Supplied material:
· · ·

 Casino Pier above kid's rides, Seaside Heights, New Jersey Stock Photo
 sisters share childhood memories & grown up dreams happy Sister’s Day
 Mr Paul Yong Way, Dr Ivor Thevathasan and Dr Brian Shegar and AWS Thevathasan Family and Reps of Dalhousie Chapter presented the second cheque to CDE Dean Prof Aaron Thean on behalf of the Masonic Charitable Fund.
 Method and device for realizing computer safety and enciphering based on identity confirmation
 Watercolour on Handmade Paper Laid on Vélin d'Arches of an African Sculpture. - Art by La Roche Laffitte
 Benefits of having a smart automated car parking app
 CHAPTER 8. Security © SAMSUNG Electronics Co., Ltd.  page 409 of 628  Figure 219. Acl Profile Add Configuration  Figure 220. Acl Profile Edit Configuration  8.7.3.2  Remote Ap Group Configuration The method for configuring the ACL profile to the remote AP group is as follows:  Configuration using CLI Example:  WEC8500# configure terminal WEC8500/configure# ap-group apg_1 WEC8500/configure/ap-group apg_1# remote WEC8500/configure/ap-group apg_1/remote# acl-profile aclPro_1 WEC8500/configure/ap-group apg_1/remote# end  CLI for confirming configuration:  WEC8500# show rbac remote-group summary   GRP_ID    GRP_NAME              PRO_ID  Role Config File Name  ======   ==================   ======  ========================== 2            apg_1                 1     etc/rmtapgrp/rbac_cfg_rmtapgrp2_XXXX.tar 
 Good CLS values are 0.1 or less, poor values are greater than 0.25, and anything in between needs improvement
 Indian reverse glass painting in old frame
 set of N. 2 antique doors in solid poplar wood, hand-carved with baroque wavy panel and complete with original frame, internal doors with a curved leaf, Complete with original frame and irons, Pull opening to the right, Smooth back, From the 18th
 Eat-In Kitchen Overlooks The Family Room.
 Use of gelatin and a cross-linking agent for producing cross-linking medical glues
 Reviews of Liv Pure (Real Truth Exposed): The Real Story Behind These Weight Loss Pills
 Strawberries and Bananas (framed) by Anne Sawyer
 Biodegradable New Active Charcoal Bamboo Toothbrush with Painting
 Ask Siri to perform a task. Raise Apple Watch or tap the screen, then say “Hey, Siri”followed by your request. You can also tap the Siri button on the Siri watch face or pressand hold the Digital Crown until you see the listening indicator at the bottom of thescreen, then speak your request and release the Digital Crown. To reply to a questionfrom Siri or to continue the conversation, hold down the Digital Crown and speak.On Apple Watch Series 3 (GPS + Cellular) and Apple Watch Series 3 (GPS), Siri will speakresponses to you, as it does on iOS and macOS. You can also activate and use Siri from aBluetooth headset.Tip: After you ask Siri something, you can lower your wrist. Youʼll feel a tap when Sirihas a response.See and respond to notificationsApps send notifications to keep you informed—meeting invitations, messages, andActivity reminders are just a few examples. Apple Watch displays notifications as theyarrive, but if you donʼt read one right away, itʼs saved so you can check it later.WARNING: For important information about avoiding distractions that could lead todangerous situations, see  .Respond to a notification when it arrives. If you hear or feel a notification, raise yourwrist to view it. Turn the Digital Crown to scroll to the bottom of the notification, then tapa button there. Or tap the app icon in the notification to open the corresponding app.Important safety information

· · ·

What you should do:
Out of the preceding entries, pull each line that contains the word "Family".

Solution for this exercise:
 Mr Paul Yong Way, Dr Ivor Thevathasan and Dr Brian Shegar and AWS Thevathasan Family and Reps of Dalhousie Chapter presented the second cheque to CDE Dean Prof Aaron Thean on behalf of the Masonic Charitable Fund.
 Eat-In Kitchen Overlooks The Family Room.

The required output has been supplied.